# Need advice about my current job



## Sparkyparker86 (Jun 15, 2017)

I have been working at my current job for a month. At first things were going ok, now I have been out with a journeyman who is on my ass everyday. From not telling him when I go to the washroom, to not having my tool belt right beside me at all times , to not having extra boxes or parts on me at all times. The first time I was learning to pull wire, he freaked out and acted as if I had no common sense. Every time I work with him he gets me for every little thing ..,could be how I am screwing down a box, how I let go of the chalk line, not having a certain amount of black and white tape on me. Some of the things I can understand, but others I swear he does to get under my skin. I put up with it but it never seems like he is ever happy when I do something right. Rather than showing me what I did wrong, he uses comments that show belittlement. 

I am not sure if I should stick it out or find a different company. I find rather then learning I am just being bullied. Even the route I choose to get back to our lock up gets commented on. If he does something wrong, ofcourse he never admits it and blames it on something else.

Has anyone else dealt with this? Any advice for me? I feel like he just is not happy with life.


----------



## MechanicalDVR (Dec 29, 2007)

Welcome aboard! 

This is not that uncommon, some guys think it is their duty to bust a helpers chops.

One month is nothing, you are making an investment in your future.


----------



## daveEM (Nov 18, 2012)

Try and get on with a different journeyman if possible.

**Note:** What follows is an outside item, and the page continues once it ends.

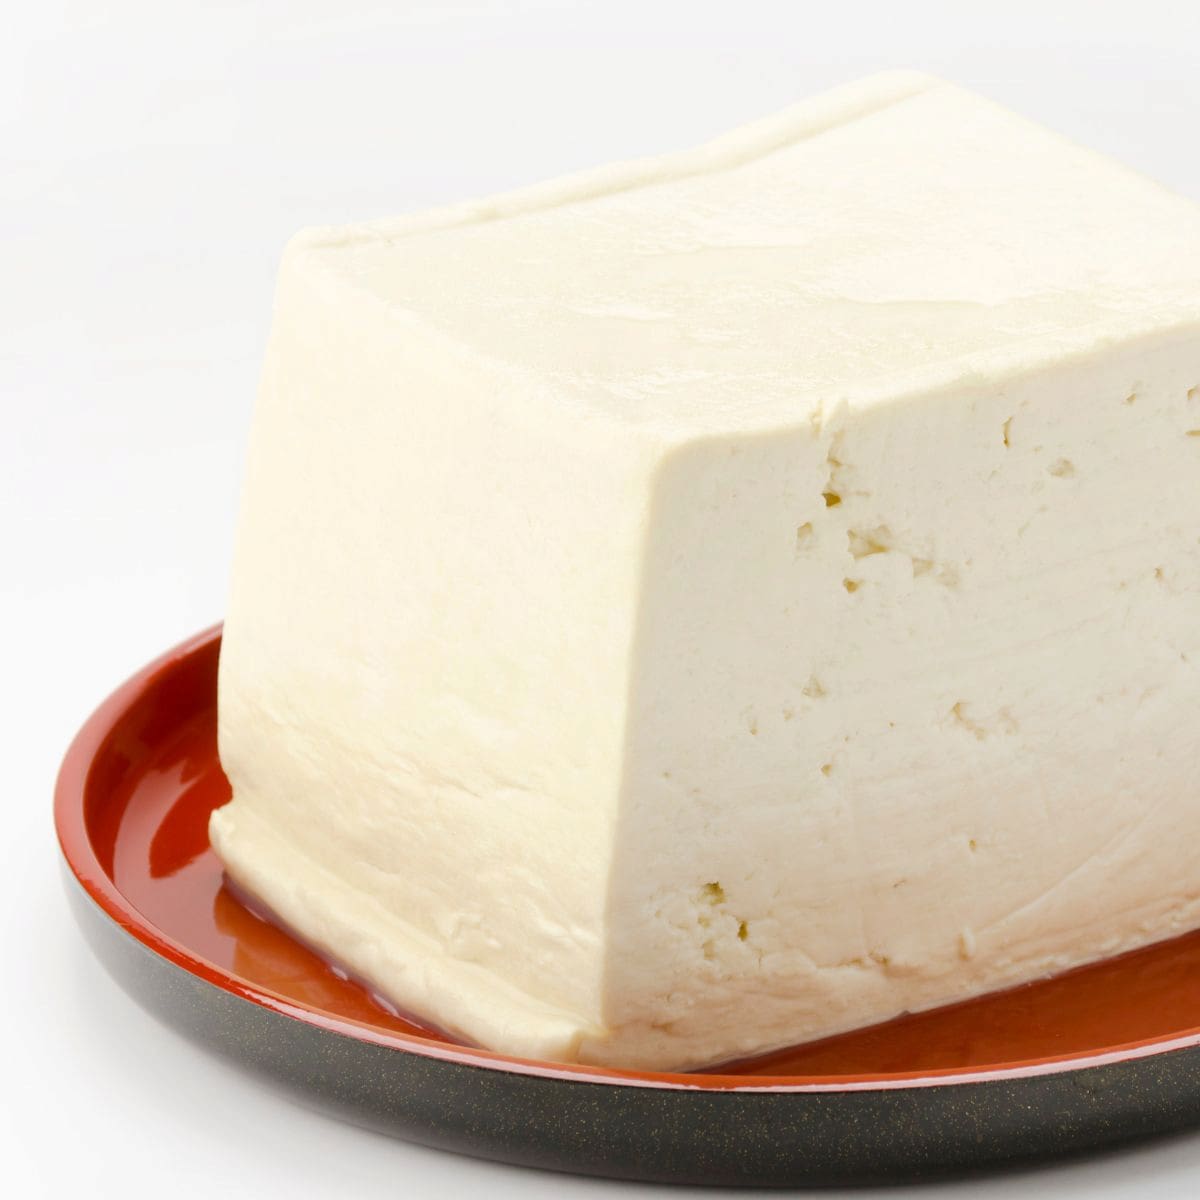 A block of regular tofu, one of the common types of tofu, on a plate.

The guy is frustrated with you because you are new and he feels he has been given a bag of sand to pack around instead of a helper.

I remember one guy who told me once "I forgot more than you'll ever know". In the end he was a blip on the company books whereas I left the company when I chose to at the eight year mark.

So tough it out for awhile longer, ask the foreman if he/she can put you with someone else if possible. It gets better as you get smarter.


----------



## joebanana (Dec 21, 2010)

How do you and the foreman get along? How about the GF? Project super? The key to your situation is to make friends in high places. What year apprentice are you?
Some people are just born a**holes. There are two way's to deal with such people. Suck it up until you turn out, or defend yourself. Don't yell or get pissed, communicate. If you want a bit of fun/payback, ask him a ton of questions, question everything, ask for detailed explanations, bring your code book to work, and ask him to show you everything he says, by article and section.
Act like you're paying attention, and ask more questions.


----------



## 99cents (Aug 20, 2012)

A chalk line? That tells me everything I need to know about this guy. He's clearly stuck in the 50's.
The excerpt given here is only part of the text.